Roman general and senator (died 216 BC)

Lucius Aemilius Paullus (died 2 August 216 BC), also spelled Paulus, was a consul of the Roman Republic twice, in 219 and 216 BC. He is primarily remembered for being one of the commanders of the Roman army at the Battle of Cannae, and for his death in the same battle.

== Biography ==
Lucius Aemilius Paullus was the son of Marcus Aemilius Paullus, the consul of 255 BC. Paullus shared his first consulship with Marcus Livius Salinator. During this year, he defeated Demetrius of Pharos in the Second Illyrian War, and forced him to flee to the court of Philip V of Macedon. On his return to Rome, he was awarded a triumph. He was subsequently charged, along with his colleague, with unfairly dividing the spoils, although he was acquitted.

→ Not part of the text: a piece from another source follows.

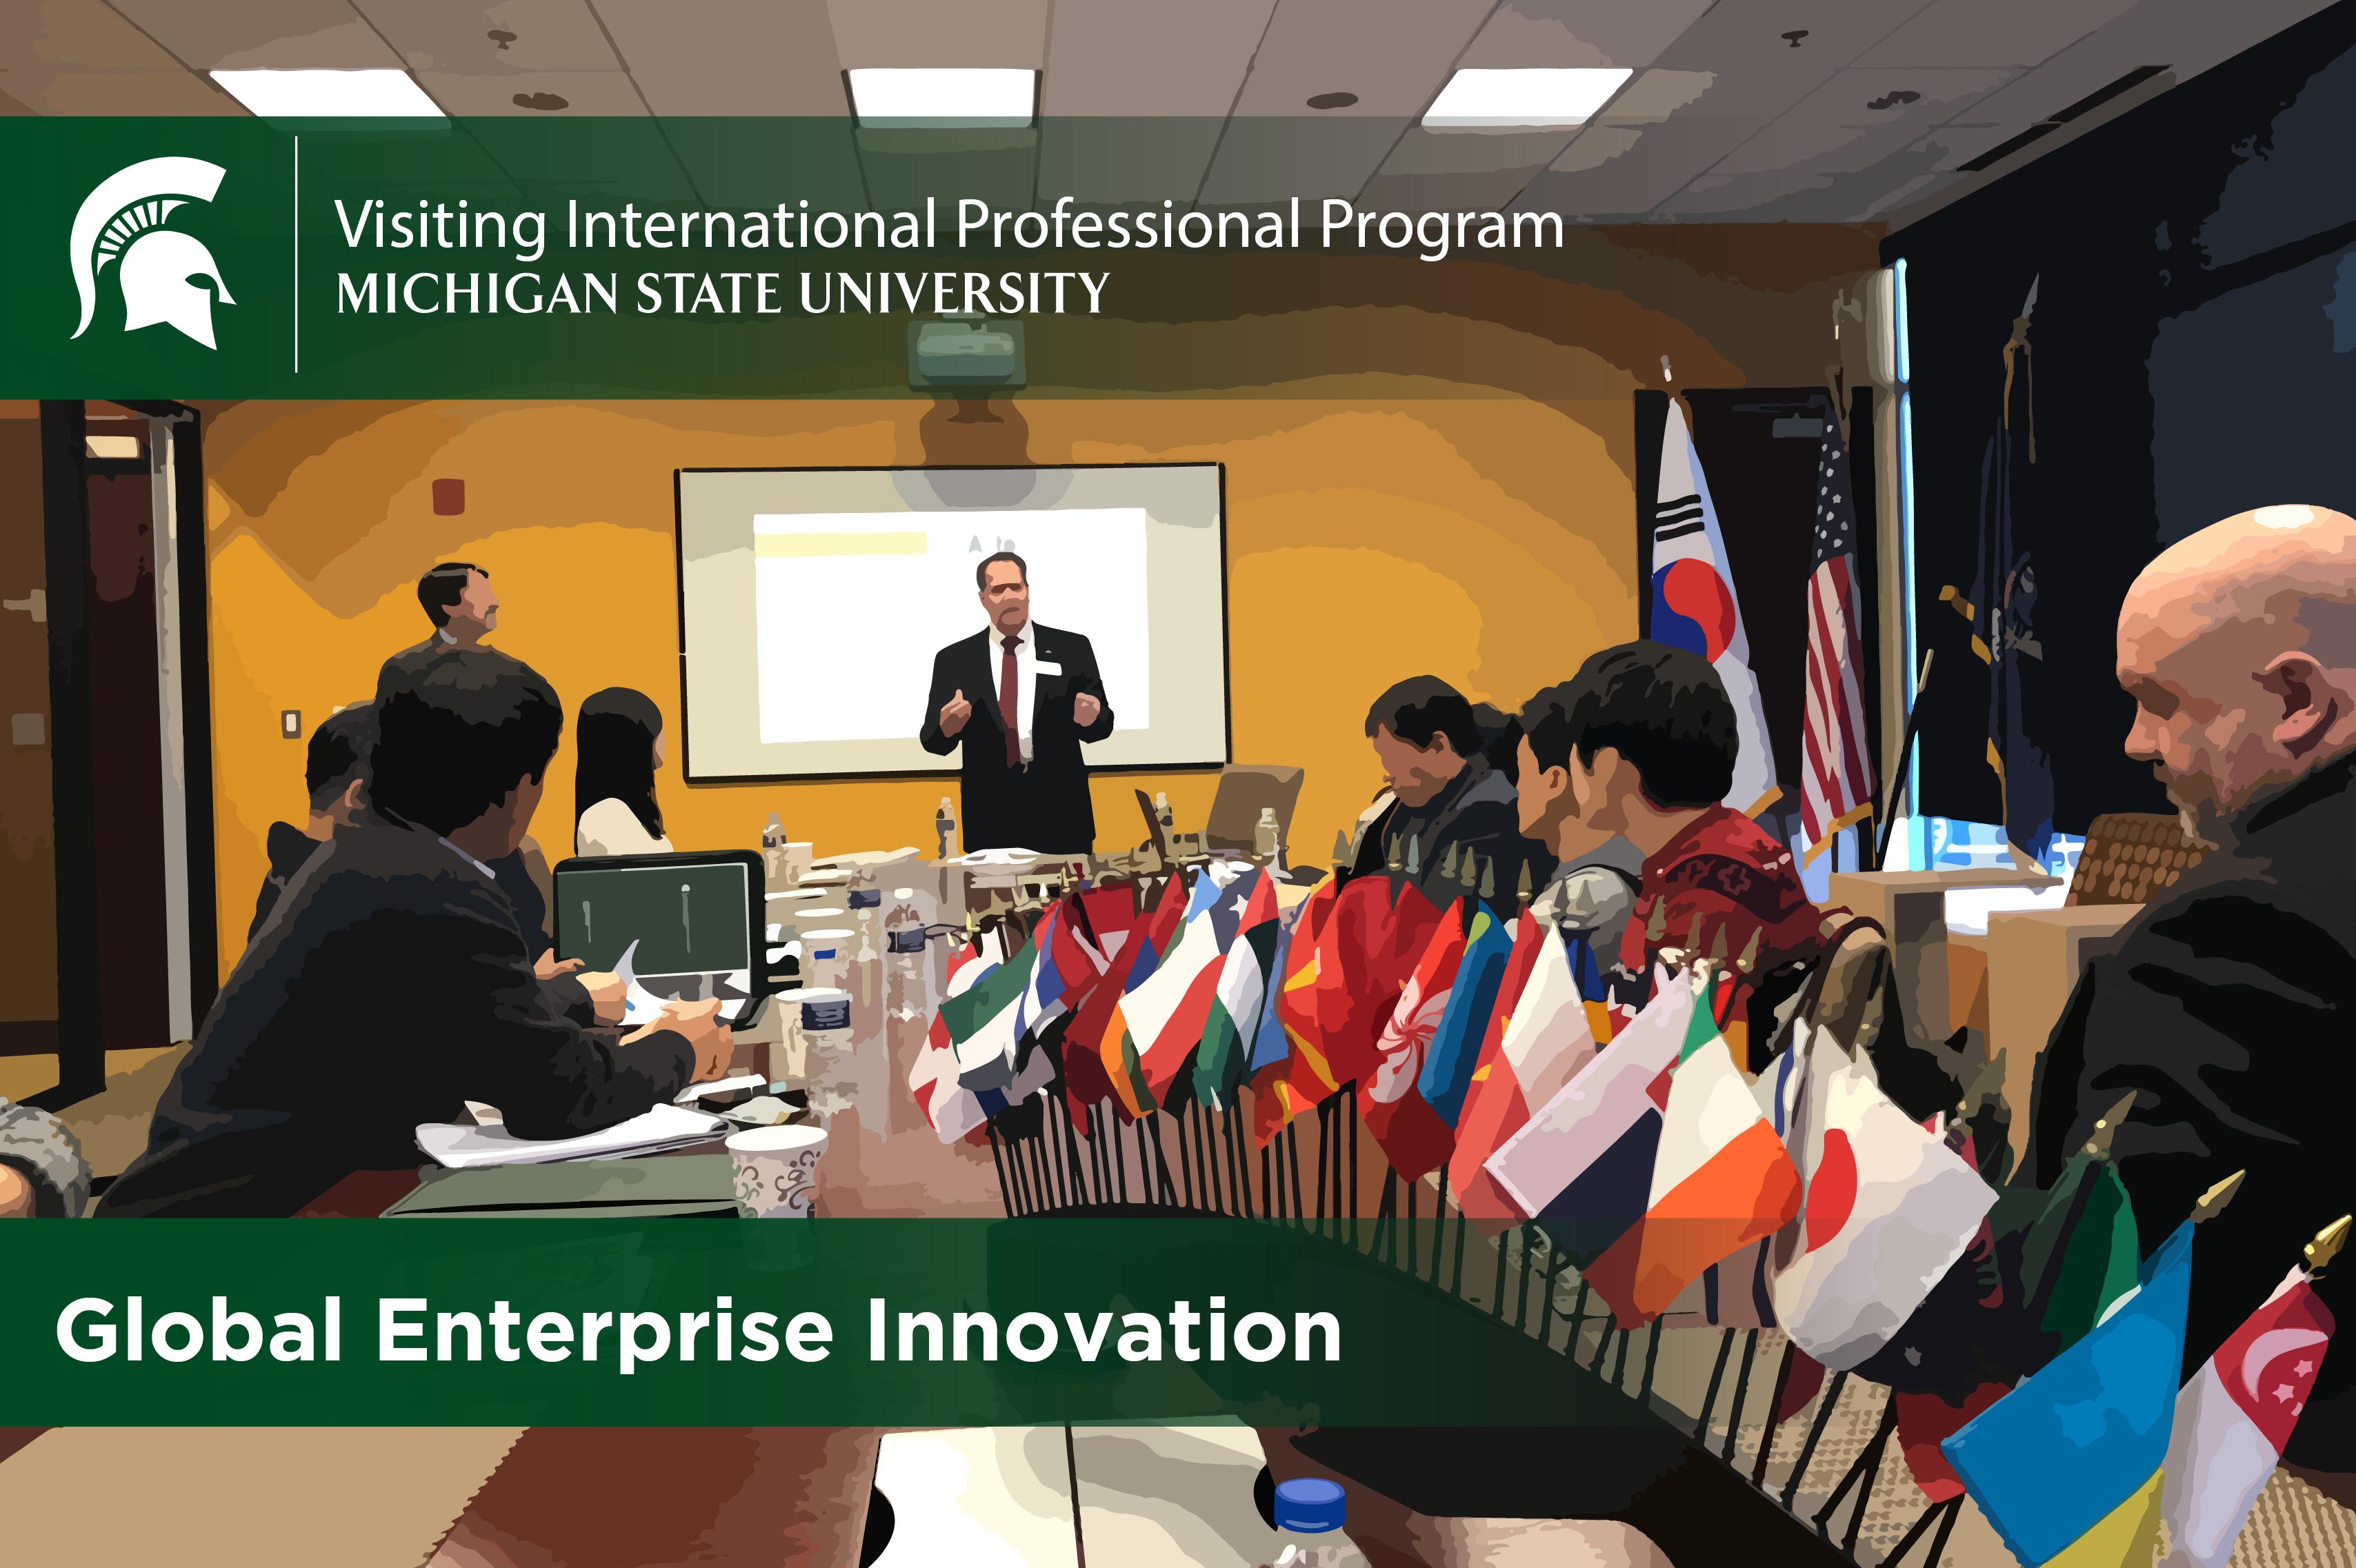 Visiting International Professional Program Global Summer School

During the Second Punic War, Paullus was made consul a second time and served with Gaius Terentius Varro. He shared the command of the army with Varro at the Battle of Cannae. Varro led out the troops against the advice of Paullus and the battle became a crushing defeat for the Romans. Paullus died in the battle, while Varro managed to escape.

In Silius Italicus' epic poem Punica, Paullus is described as killing the Carthaginian commander Viriathus prior to his own death.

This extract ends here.